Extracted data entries

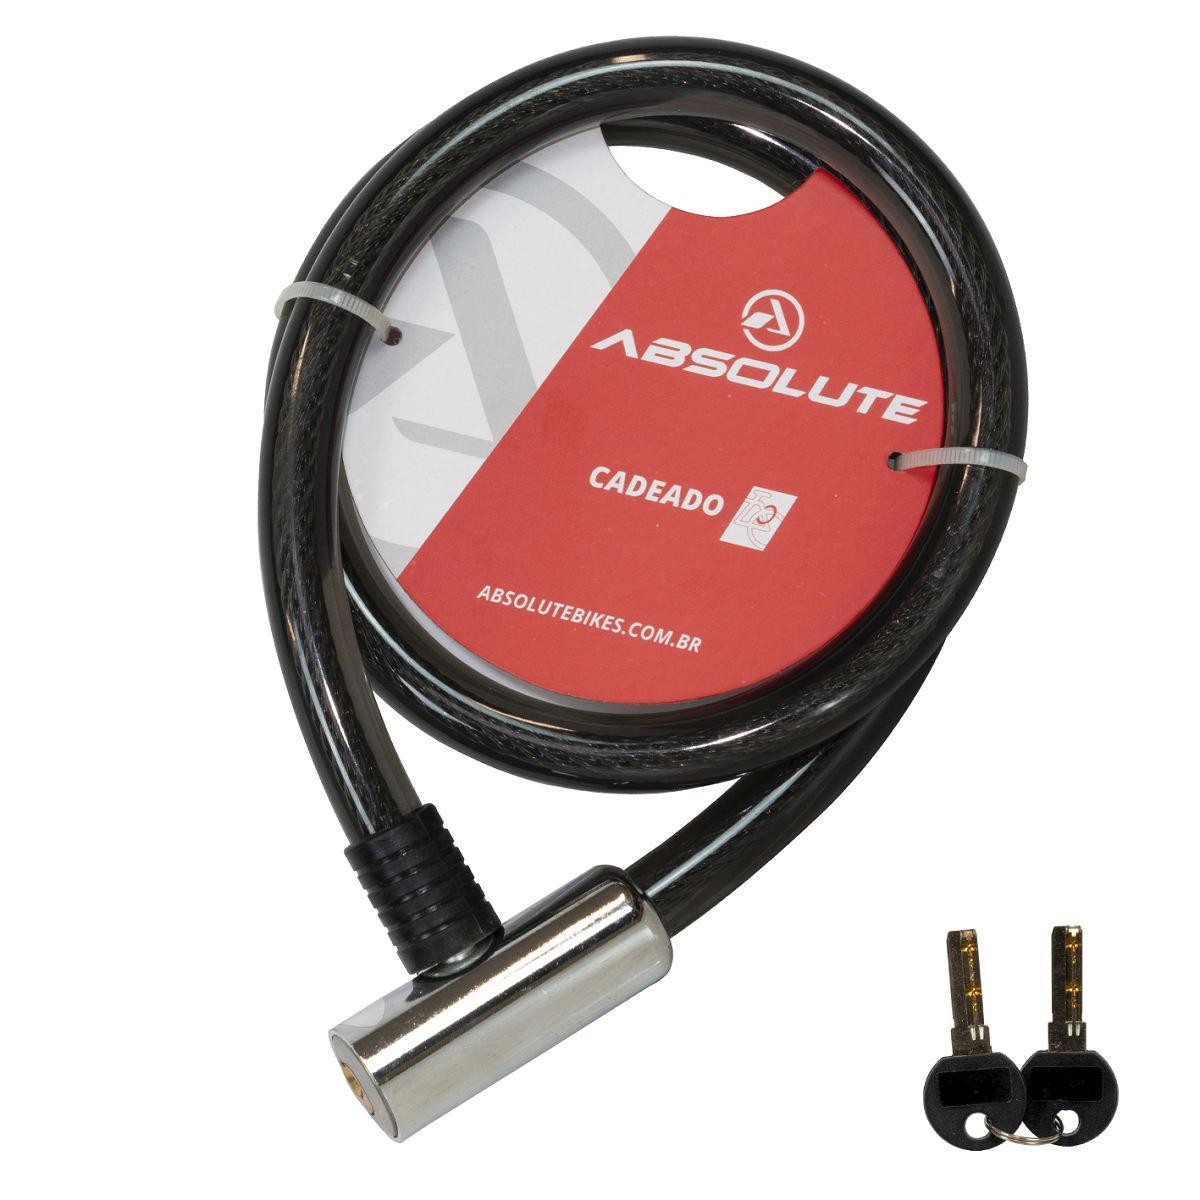 Cadeado Bike Moto Estepe Absolute 1,0mx18mm Com Chave
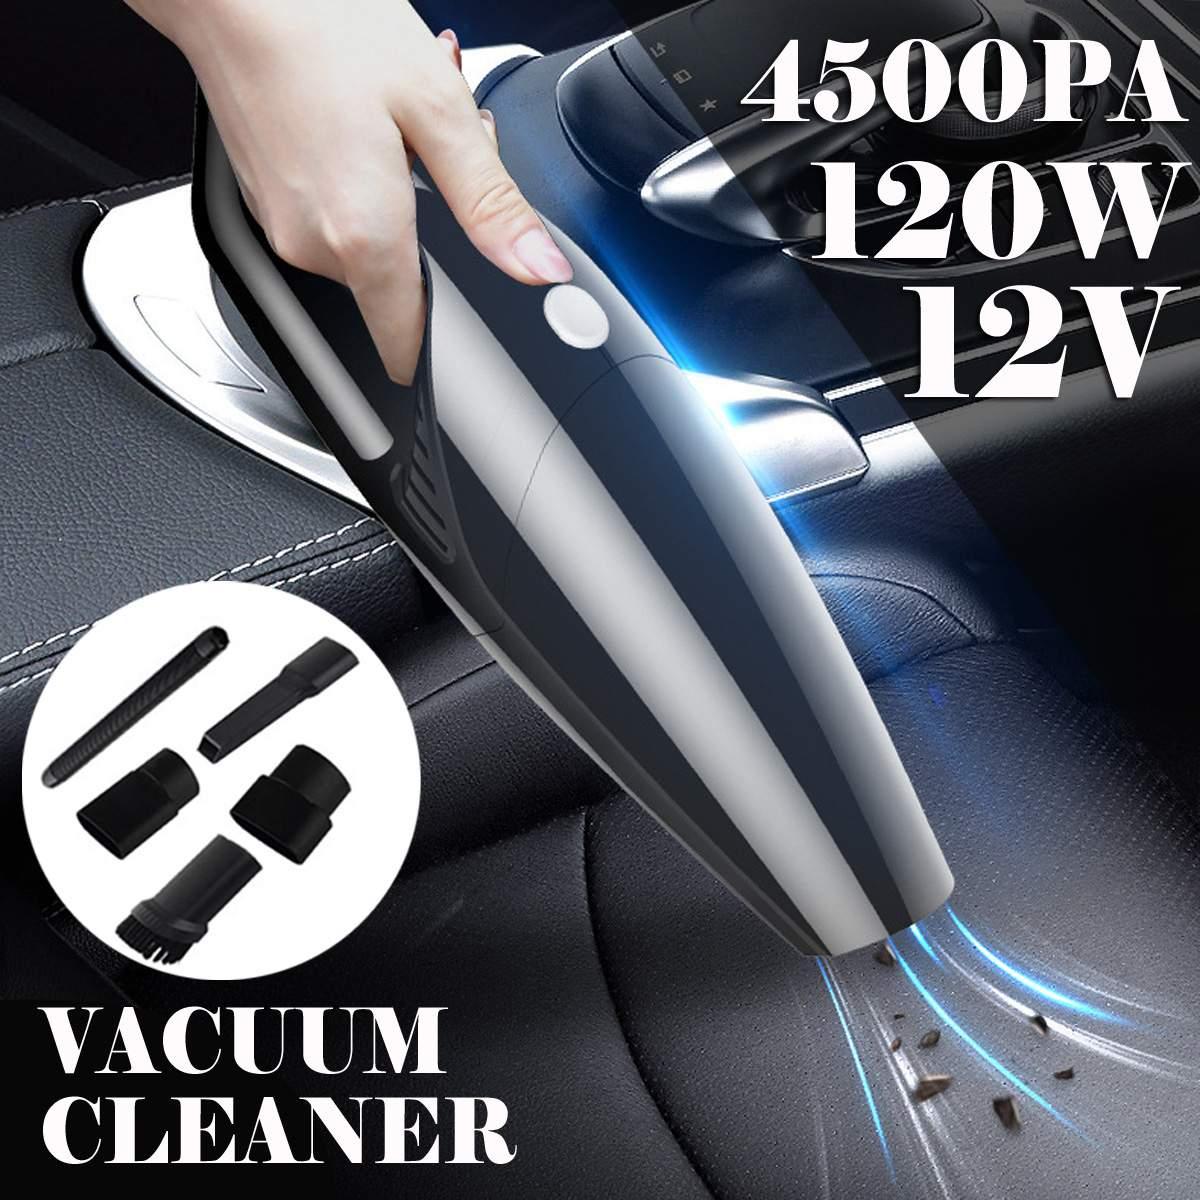 4500Pa 120W inalámbrico con cable de mano aspiradora fuerte potencia aspiradora Mini portátil para coche Auto hogar
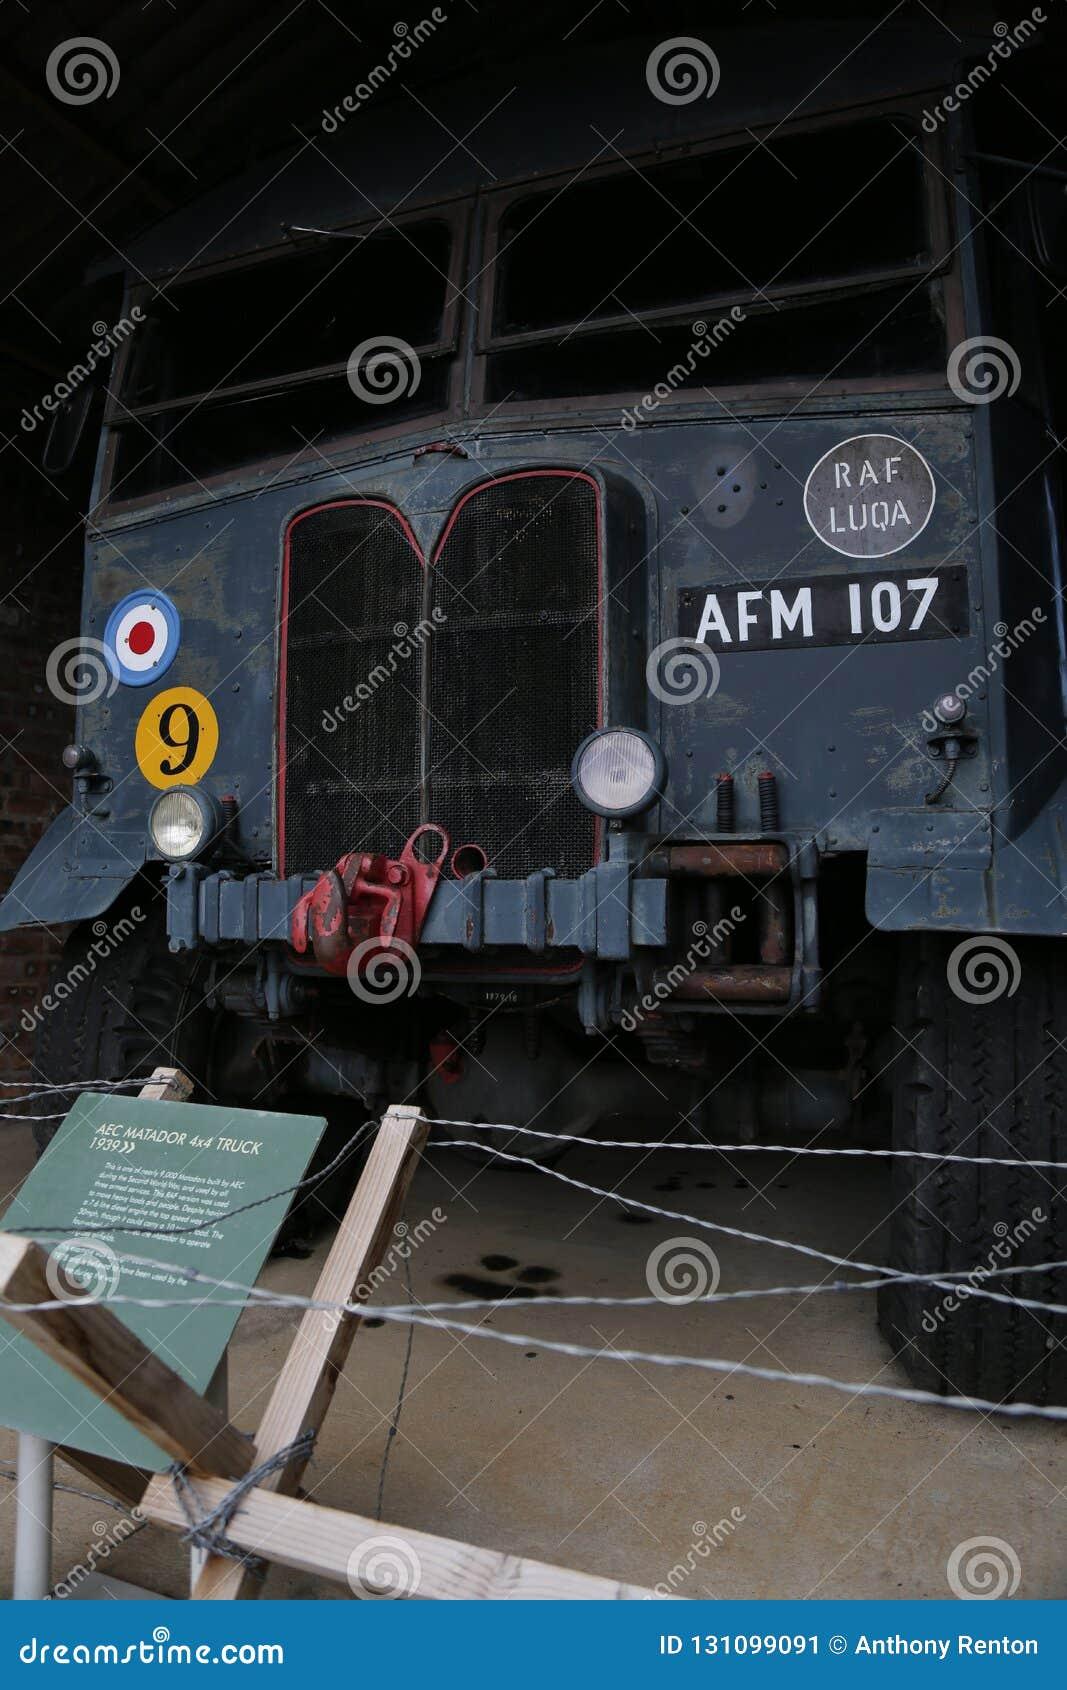 RAF AEC matador 4x4
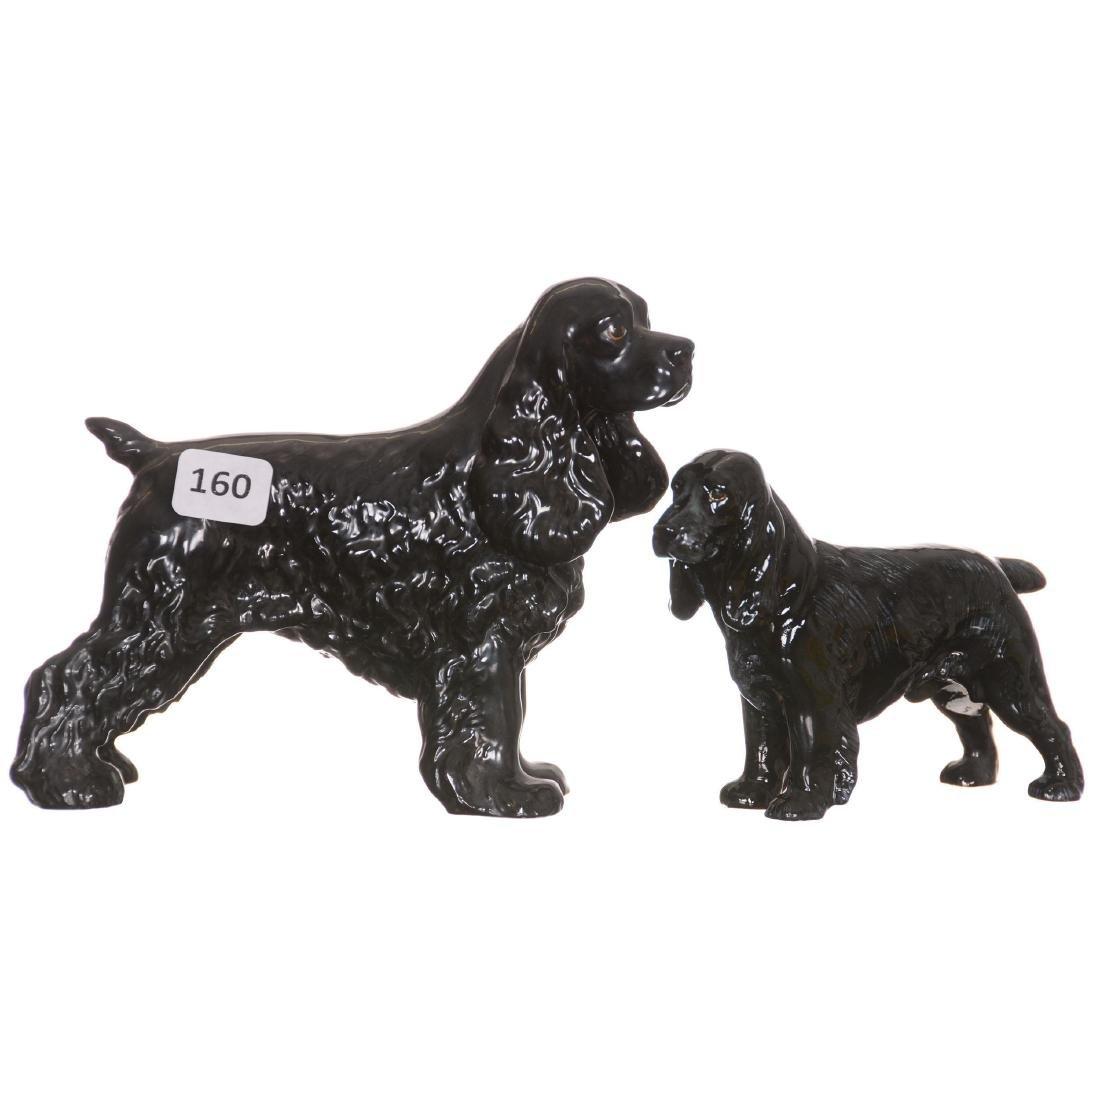 (2) Dog Figurines
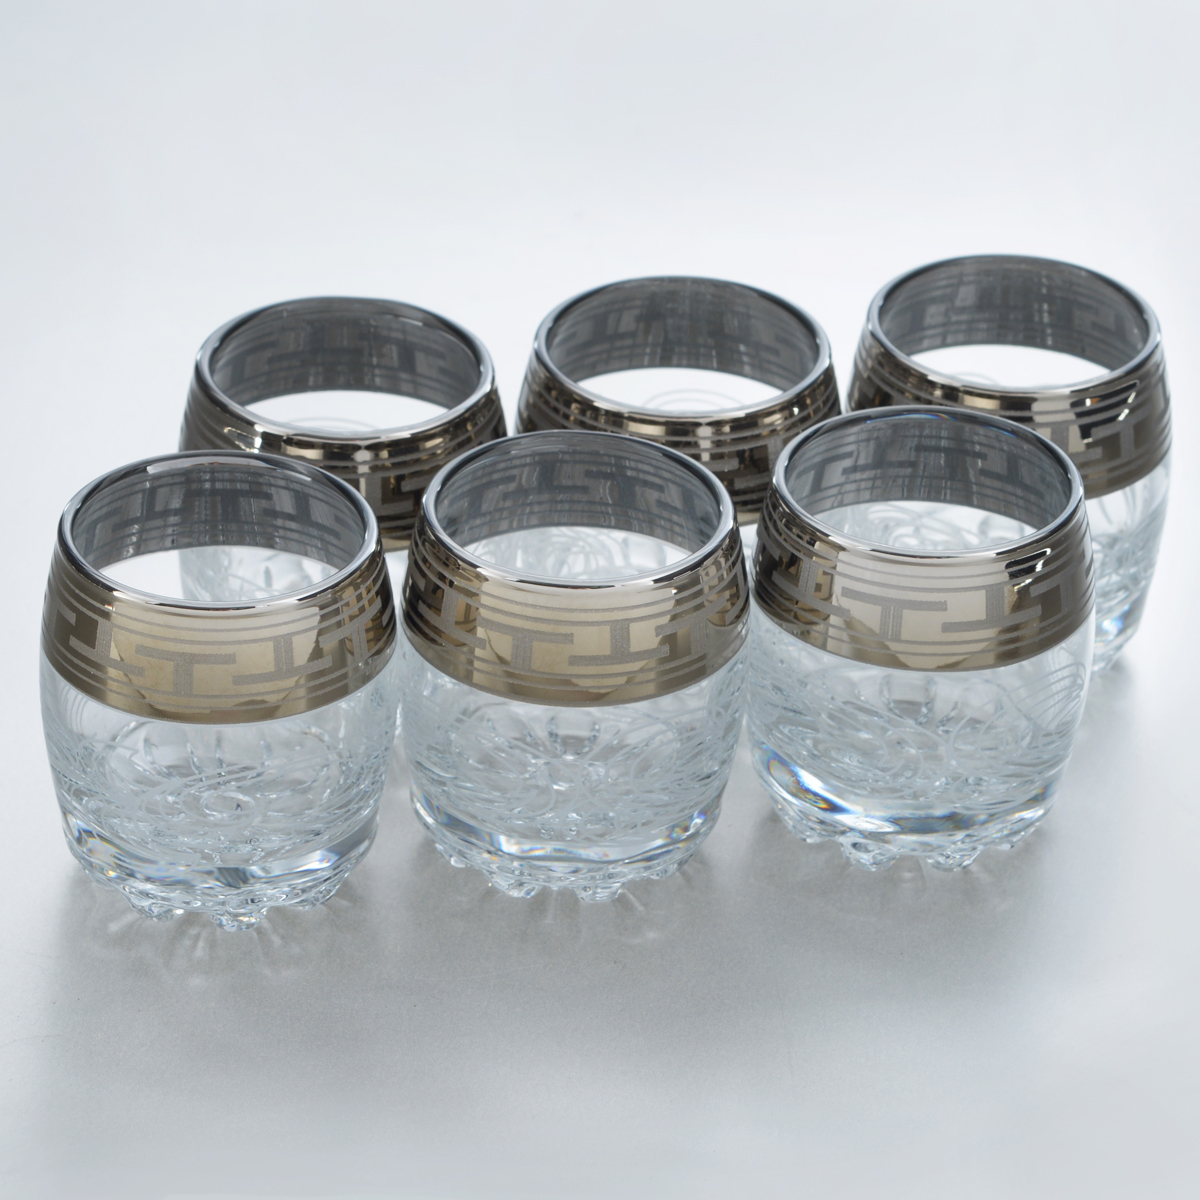 """Набор Гусь-Хрустальный """"Греческий узор"""" состоит из 6 низких стаканов с толстым дном, изготовленных из высококачественного натрий-кальций-силикатного стекла. Изделия оформлены красивым зеркальным покрытием, широкой окантовкой с греческим узором и белым матовым орнаментом. Стаканы предназначены для подачи виски. Такой набор прекрасно дополнит праздничный стол и станет желанным подарком в любом доме. Разрешается мыть в посудомоечной машине. Диаметр стакана (по верхнему краю): 7,5 см. Высота стакана: 9 см."""

[EXERCISE DETAILS]
Please return the entries above exactly as they appear, but without the pictures.

[EXERCISE ANSWER]
 Cadeado Bike Moto Estepe Absolute 1,0mx18mm Com Chave
 4500Pa 120W inalámbrico con cable de mano aspiradora fuerte potencia aspiradora Mini portátil para coche Auto hogar
 RAF AEC matador 4x4
 (2) Dog Figurines
 """Набор Гусь-Хрустальный """"Греческий узор"""" состоит из 6 низких стаканов с толстым дном, изготовленных из высококачественного натрий-кальций-силикатного стекла. Изделия оформлены красивым зеркальным покрытием, широкой окантовкой с греческим узором и белым матовым орнаментом. Стаканы предназначены для подачи виски. Такой набор прекрасно дополнит праздничный стол и станет желанным подарком в любом доме. Разрешается мыть в посудомоечной машине. Диаметр стакана (по верхнему краю): 7,5 см. Высота стакана: 9 см."""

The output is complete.